**Activity:** Print each line below verbatim, skipping every picture.

**Available data:**
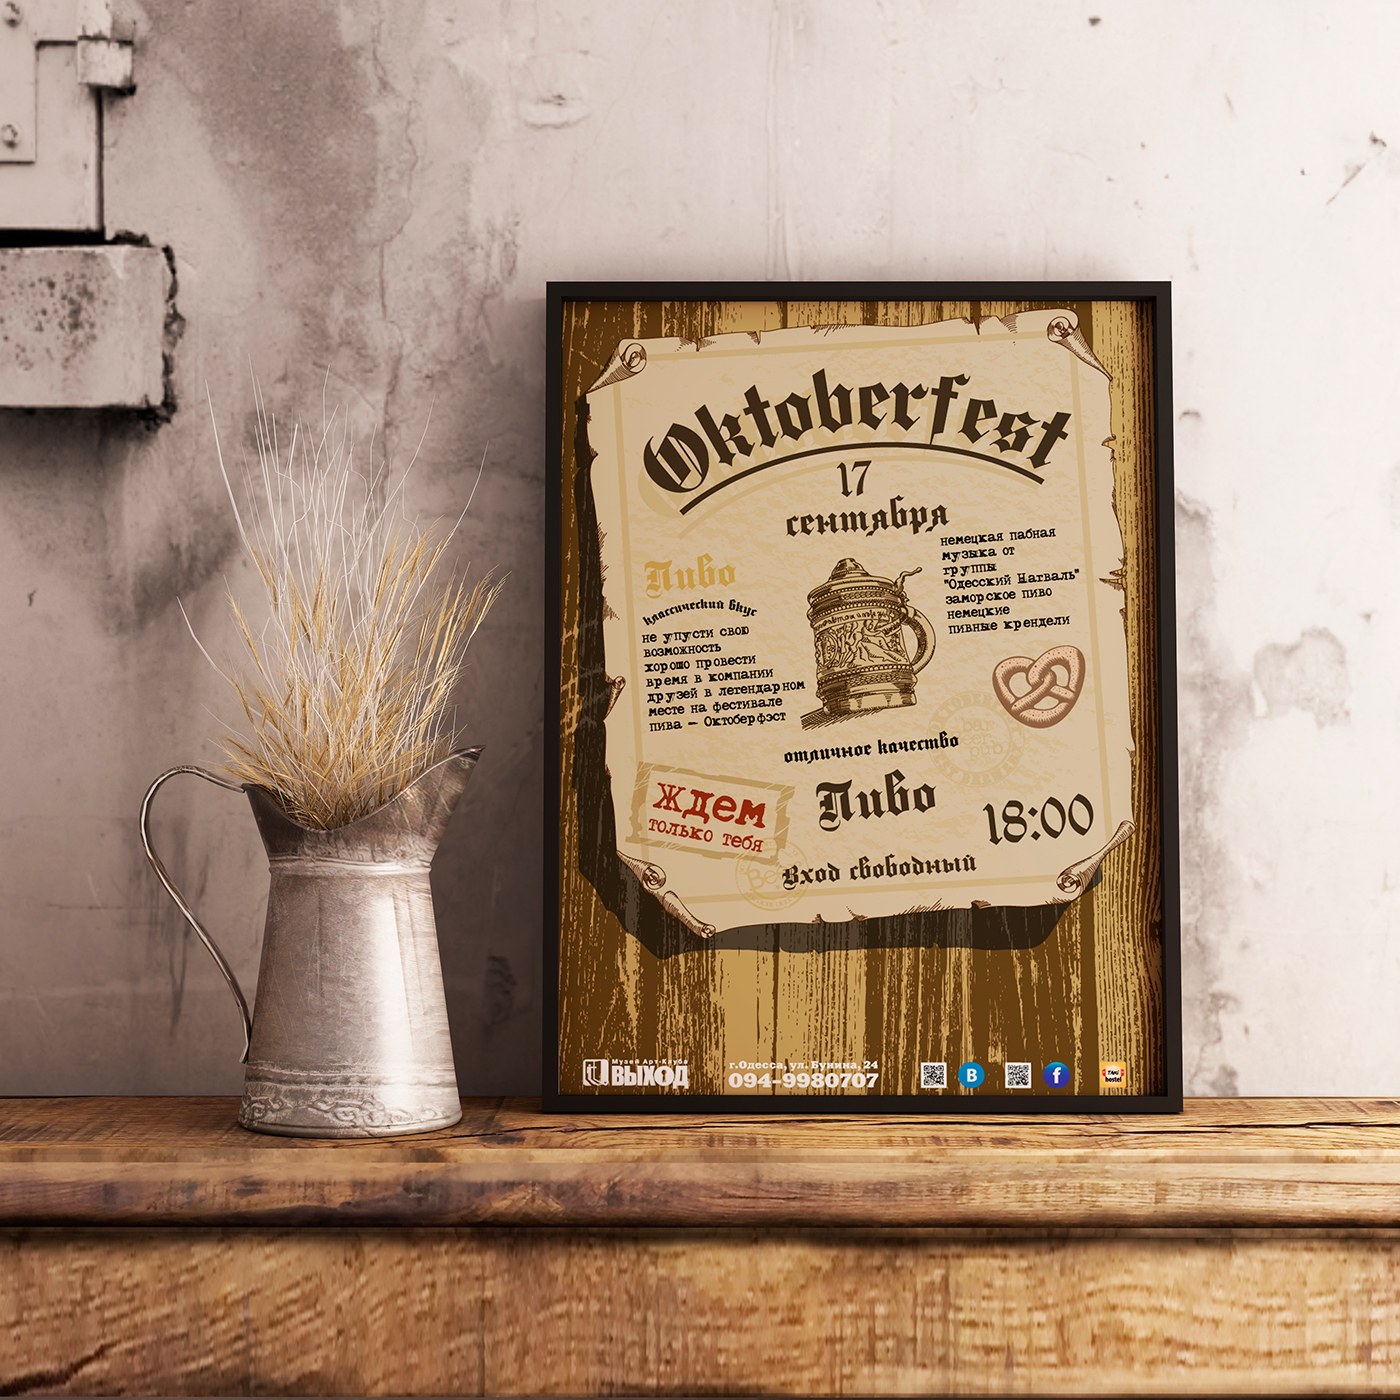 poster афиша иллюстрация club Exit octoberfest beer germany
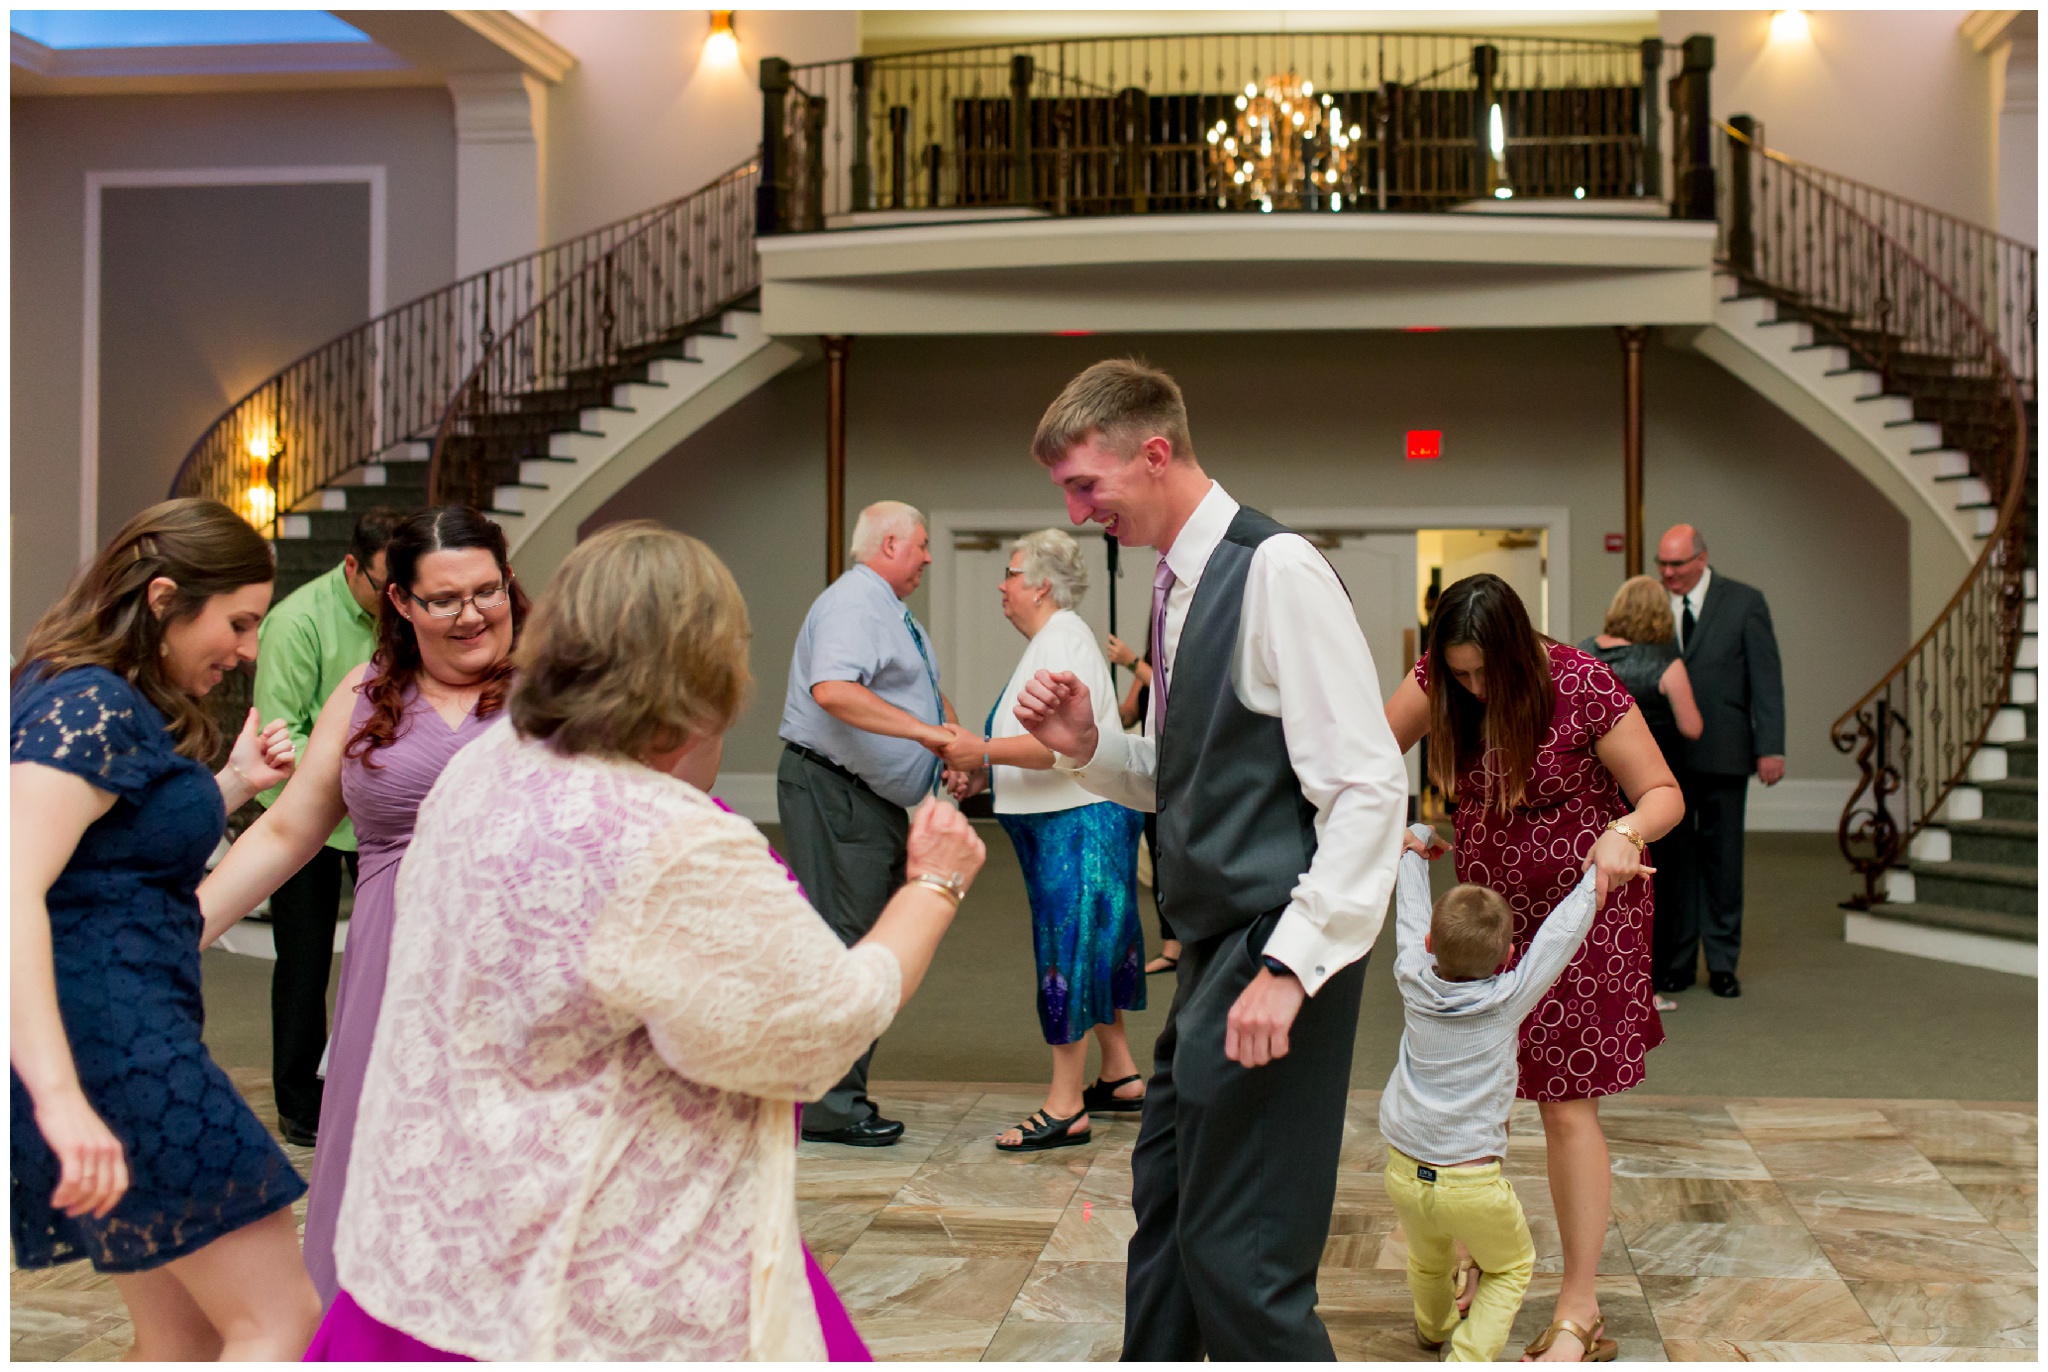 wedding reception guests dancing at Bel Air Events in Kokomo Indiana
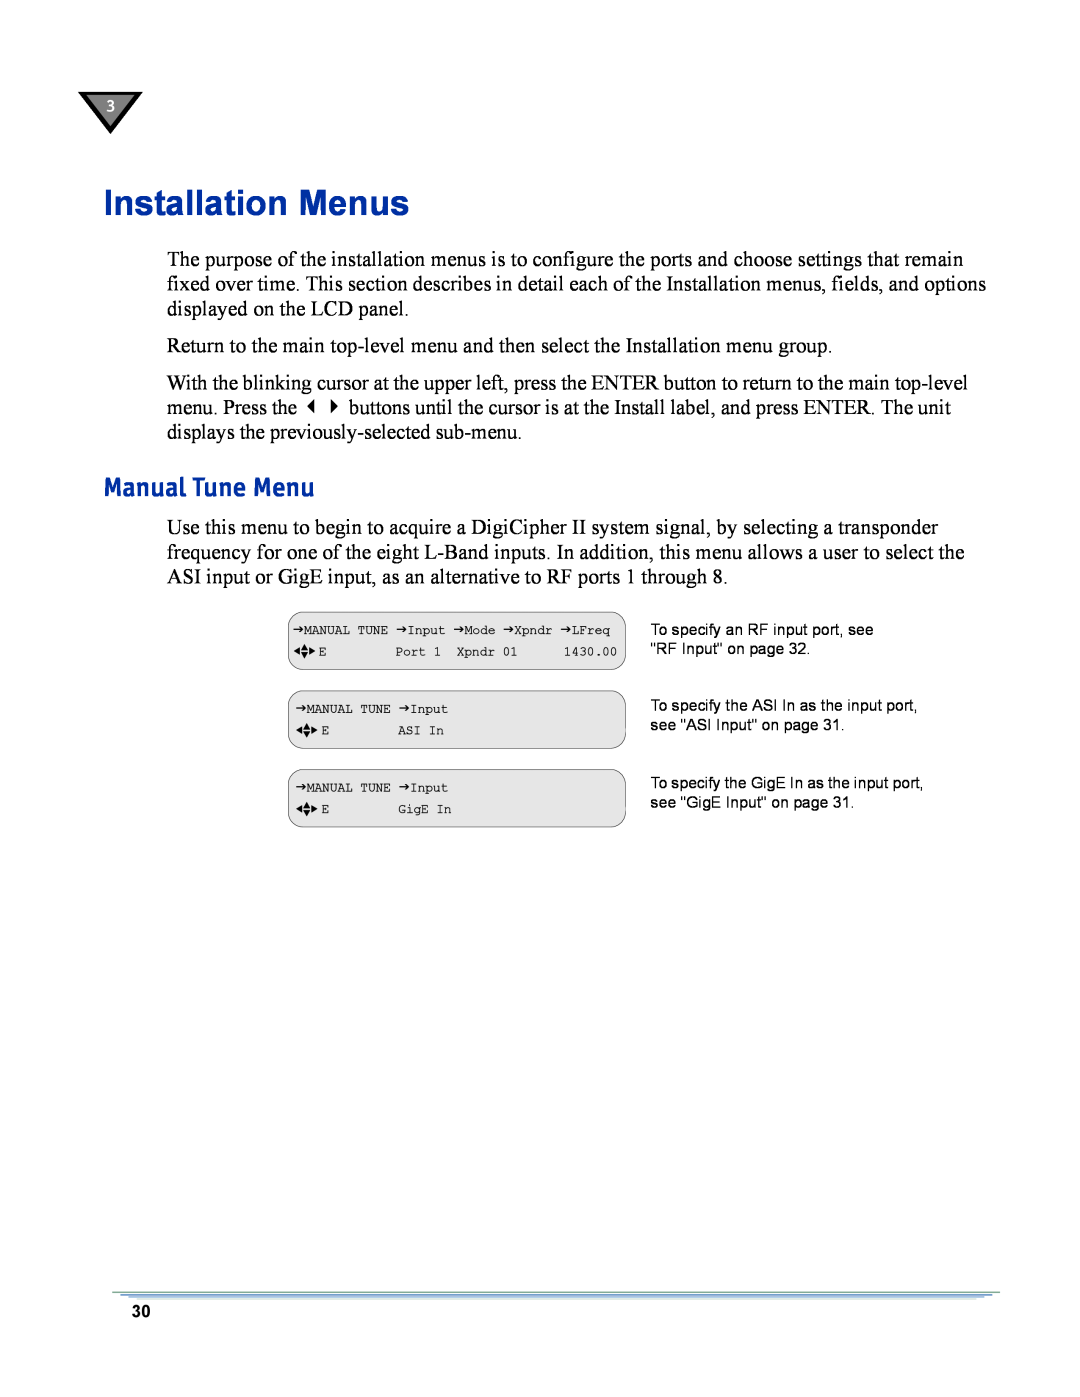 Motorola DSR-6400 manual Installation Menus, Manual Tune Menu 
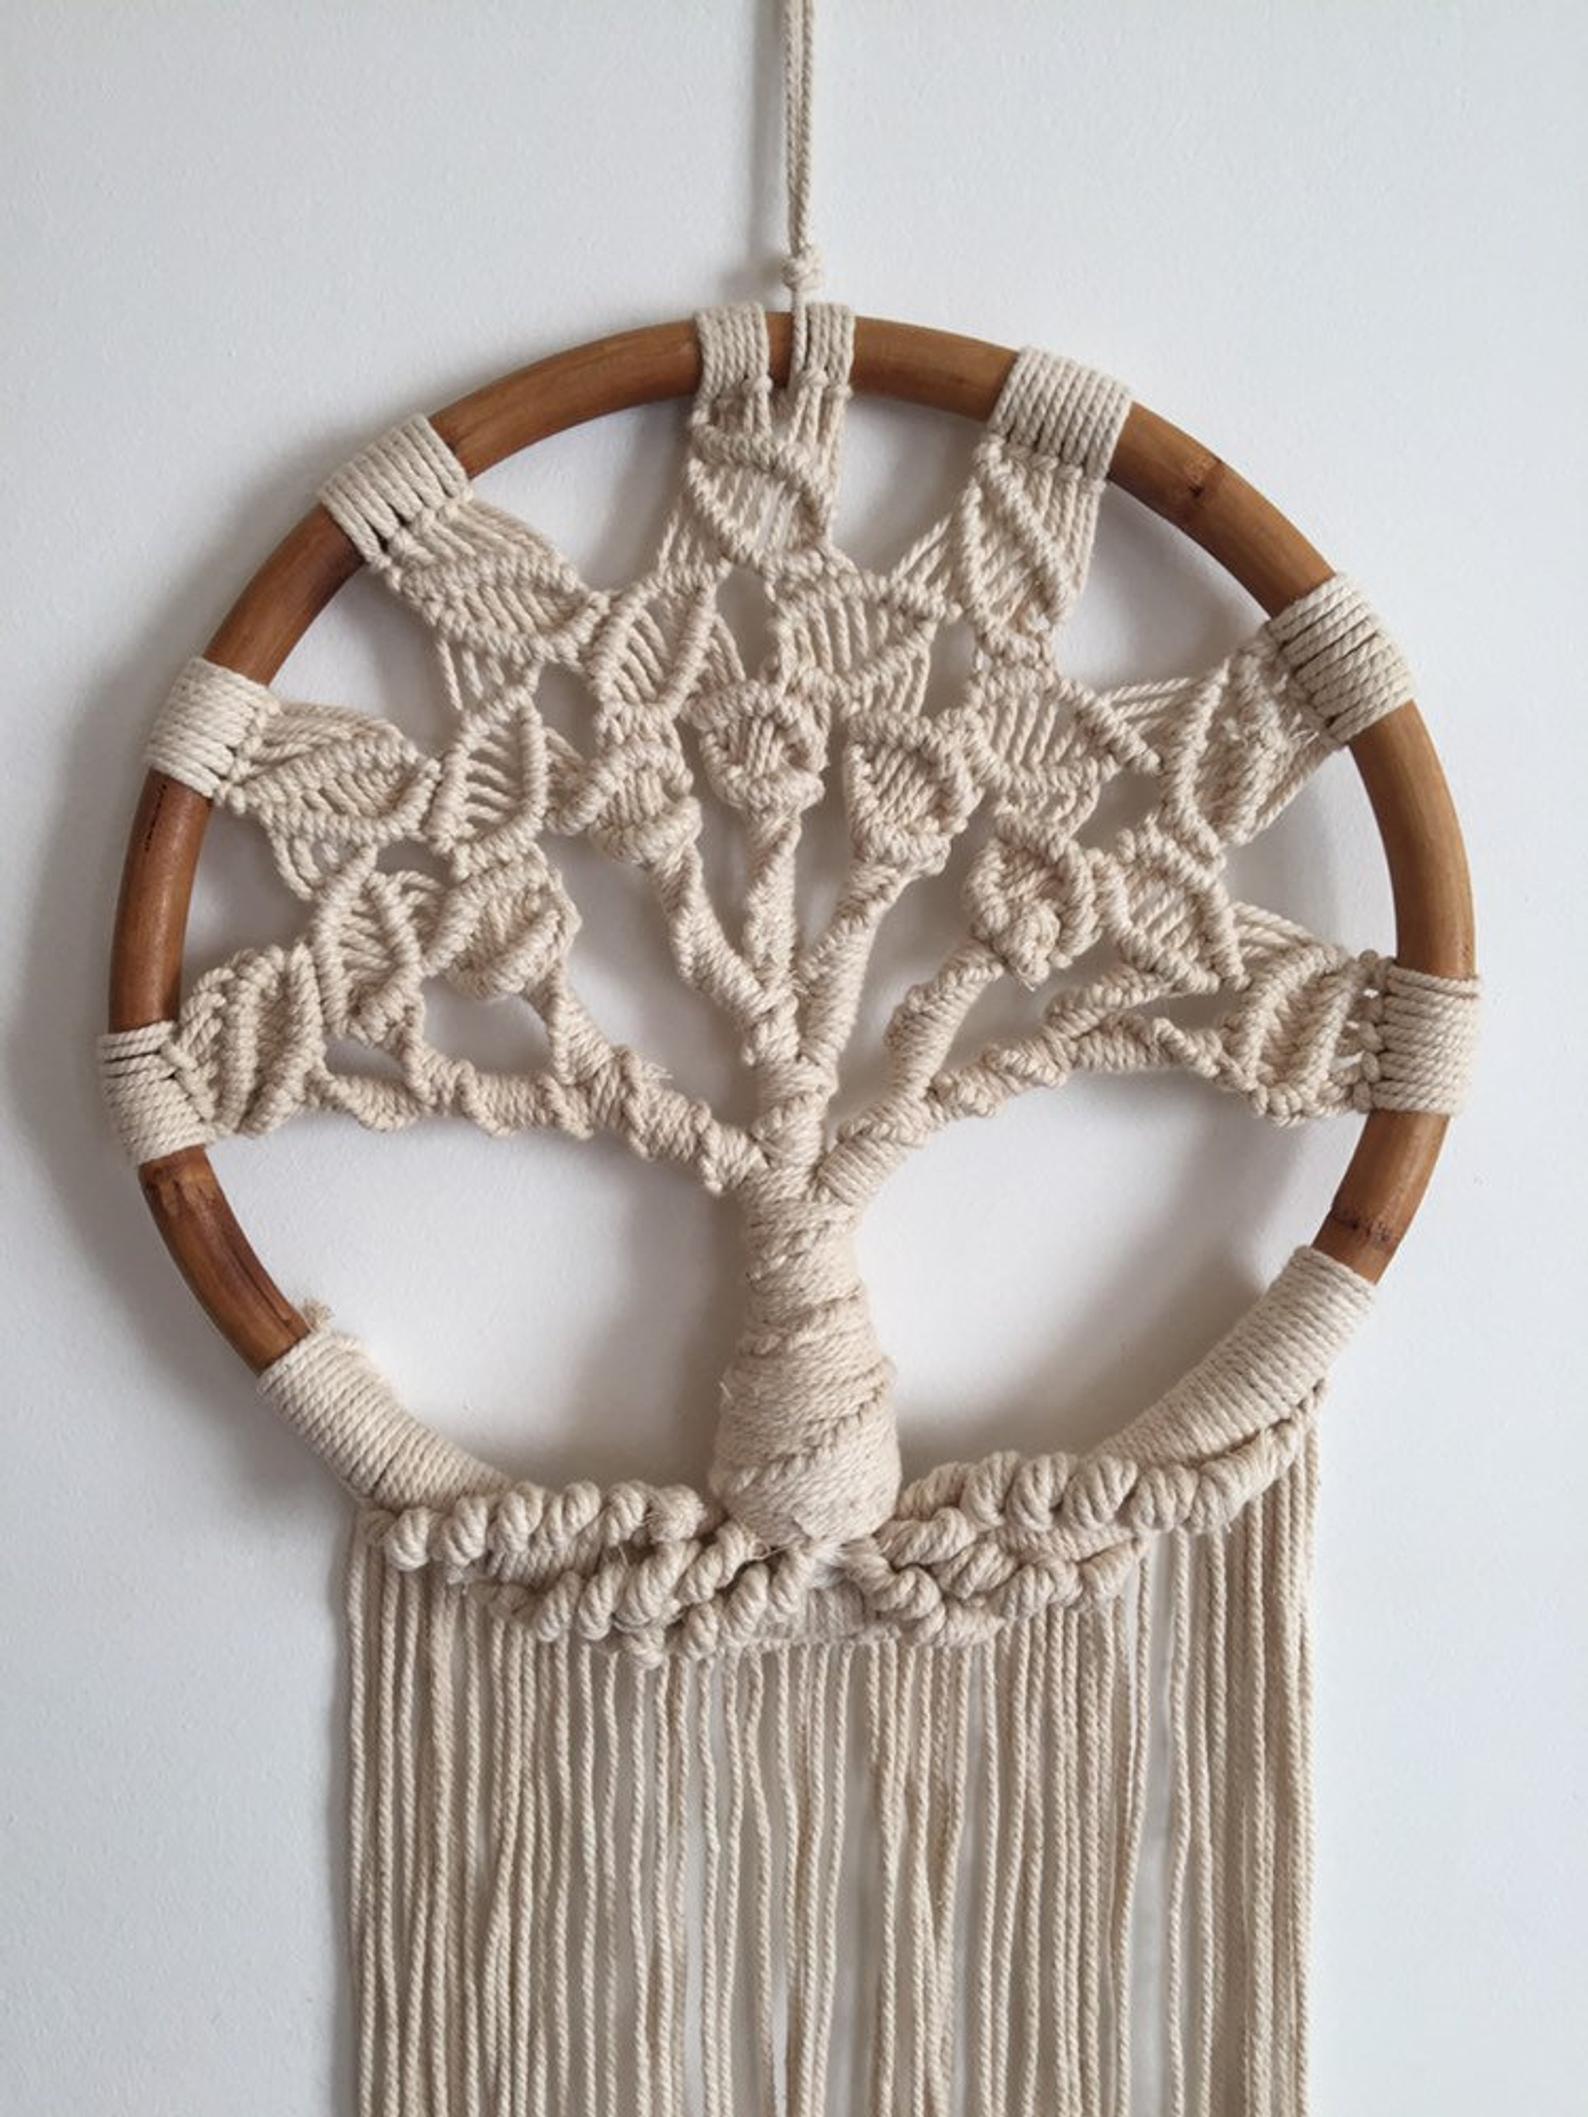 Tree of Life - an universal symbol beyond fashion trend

**Finished exercise:**
 poster афиша иллюстрация club Exit octoberfest beer germany
 wedding reception guests dancing at Bel Air Events in Kokomo Indiana
 Motorola DSR-6400 manual Installation Menus, Manual Tune Menu 
 Tree of Life - an universal symbol beyond fashion trend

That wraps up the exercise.